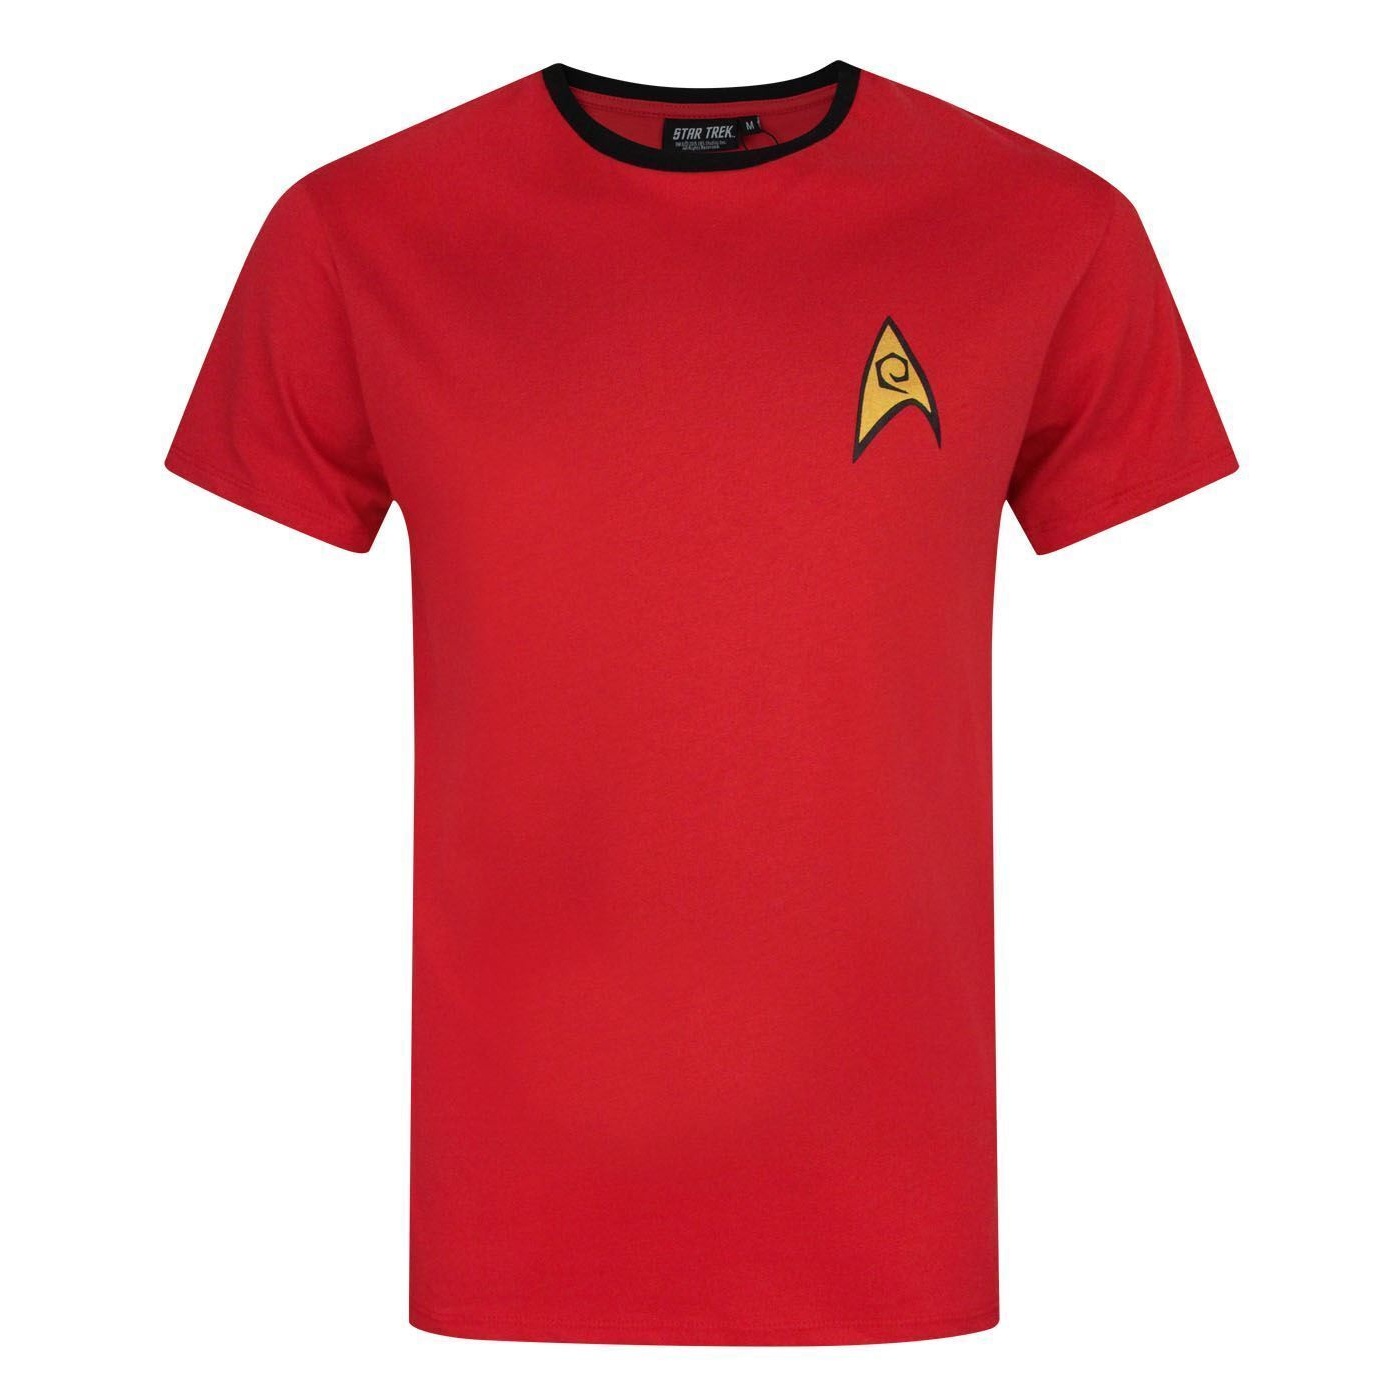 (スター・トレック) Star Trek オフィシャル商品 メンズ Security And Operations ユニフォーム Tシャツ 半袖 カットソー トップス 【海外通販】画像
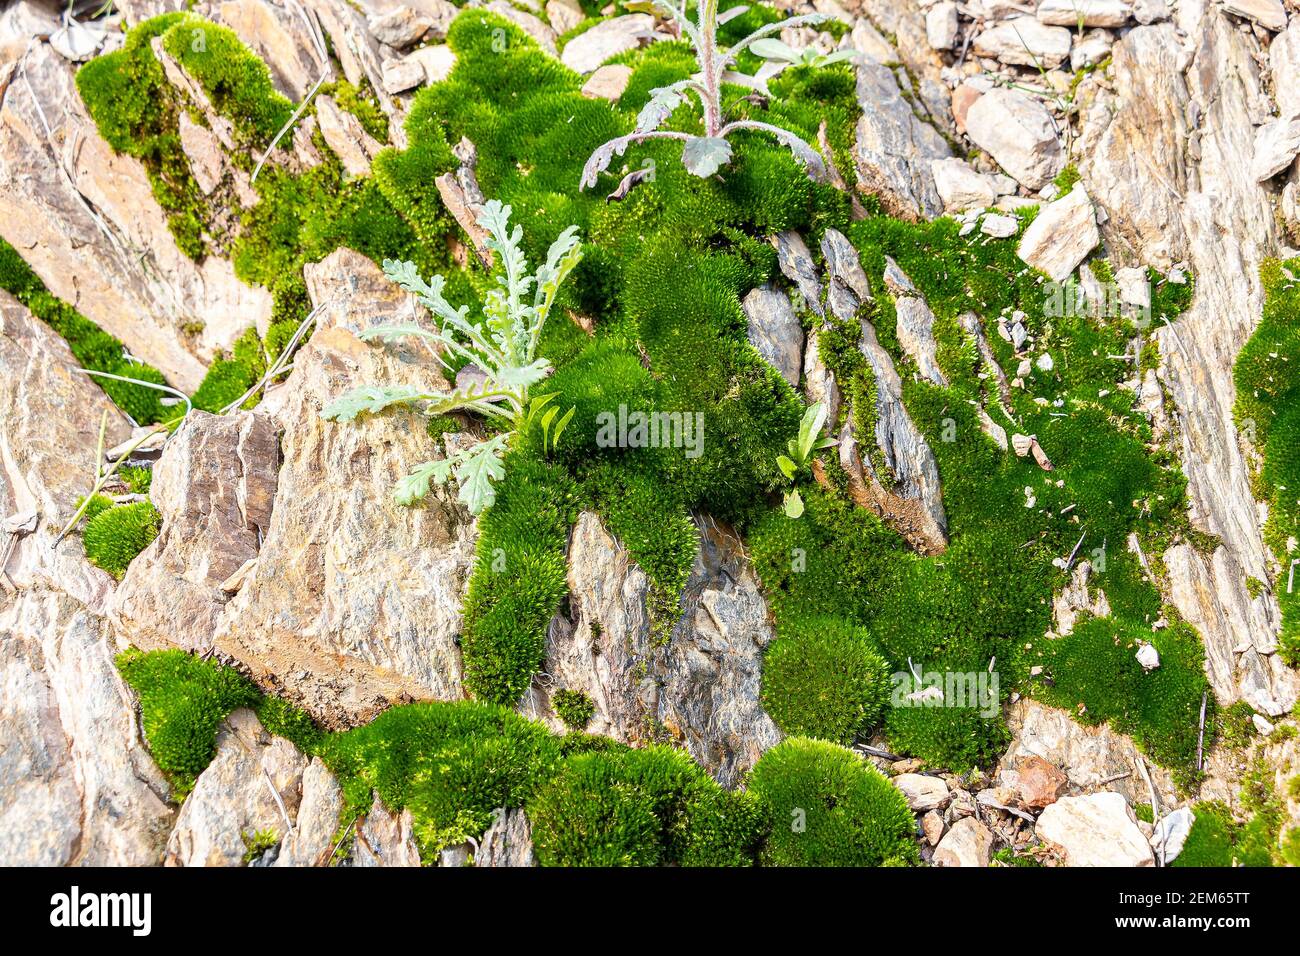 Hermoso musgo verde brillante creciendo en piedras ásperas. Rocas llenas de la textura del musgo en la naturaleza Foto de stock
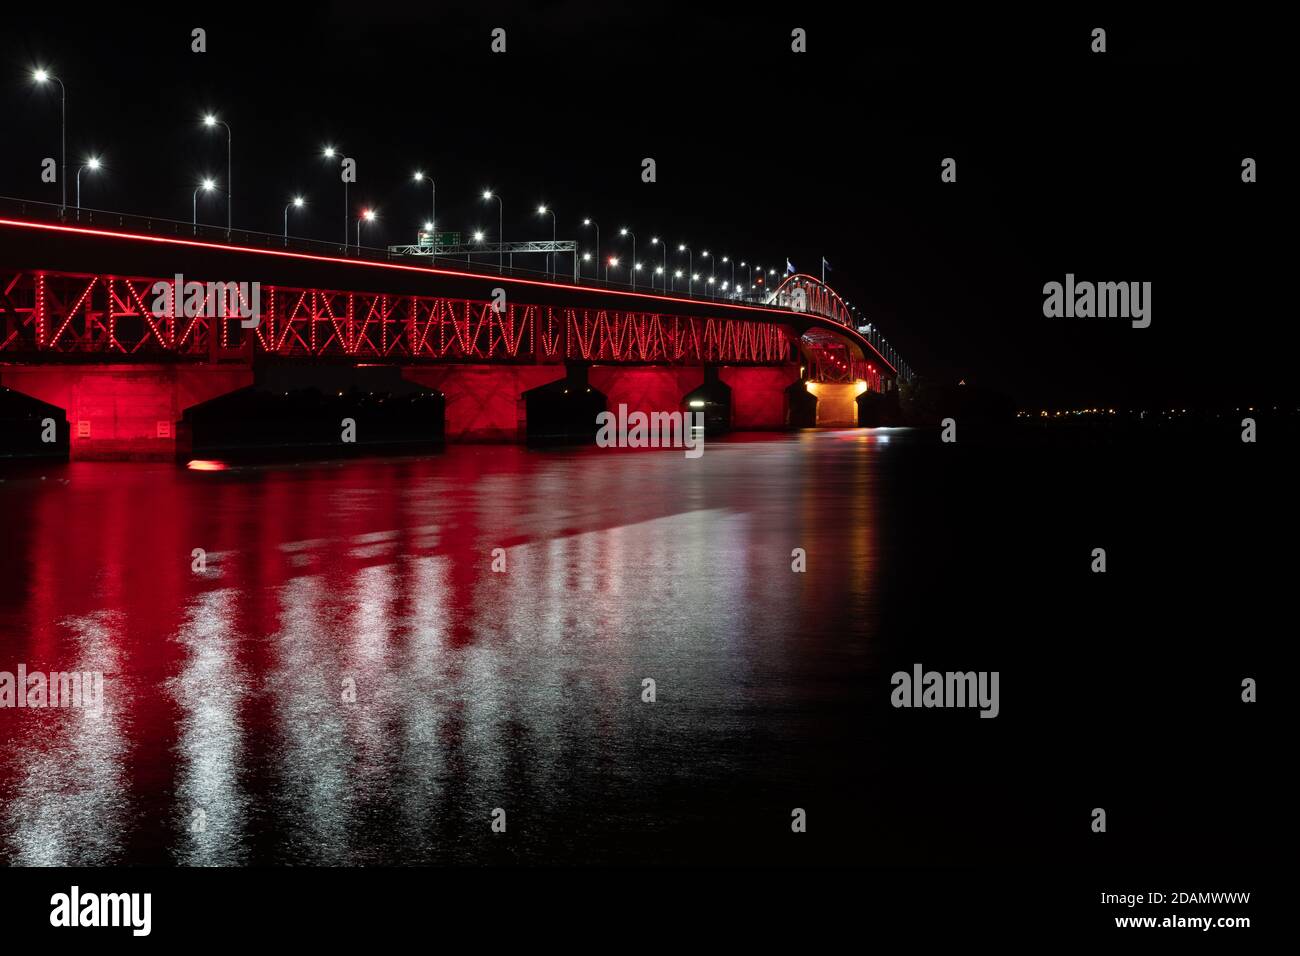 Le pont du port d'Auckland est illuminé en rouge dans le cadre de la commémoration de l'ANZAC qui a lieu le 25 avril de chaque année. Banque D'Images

○ ○ ○

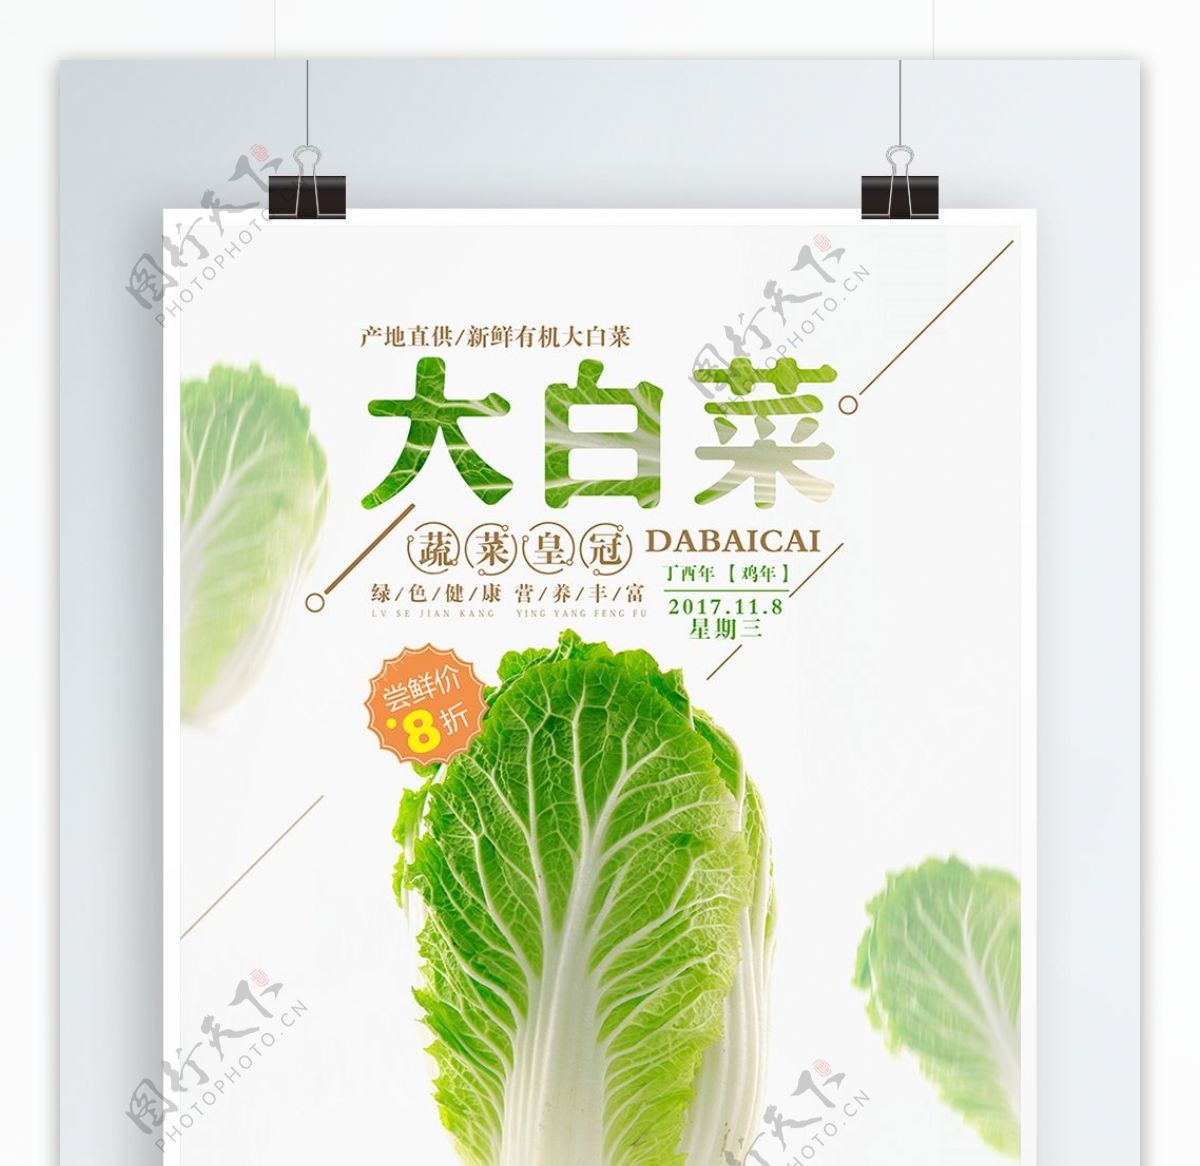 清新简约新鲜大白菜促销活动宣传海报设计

○ ○ ○

WORK ITEM —
Copy only the lines above from the one containing "(スター・トレック) Star Trek" through the one containing "Hermoso musgo verde", both included. Leave out the pictures.

TASK OUTPUT —
 (スター・トレック) Star Trek オフィシャル商品 メンズ Security And Operations ユニフォーム Tシャツ 半袖 カットソー トップス 【海外通販】画像
 Hermoso musgo verde brillante creciendo en piedras ásperas. Rocas llenas de la textura del musgo en la naturaleza Foto de stock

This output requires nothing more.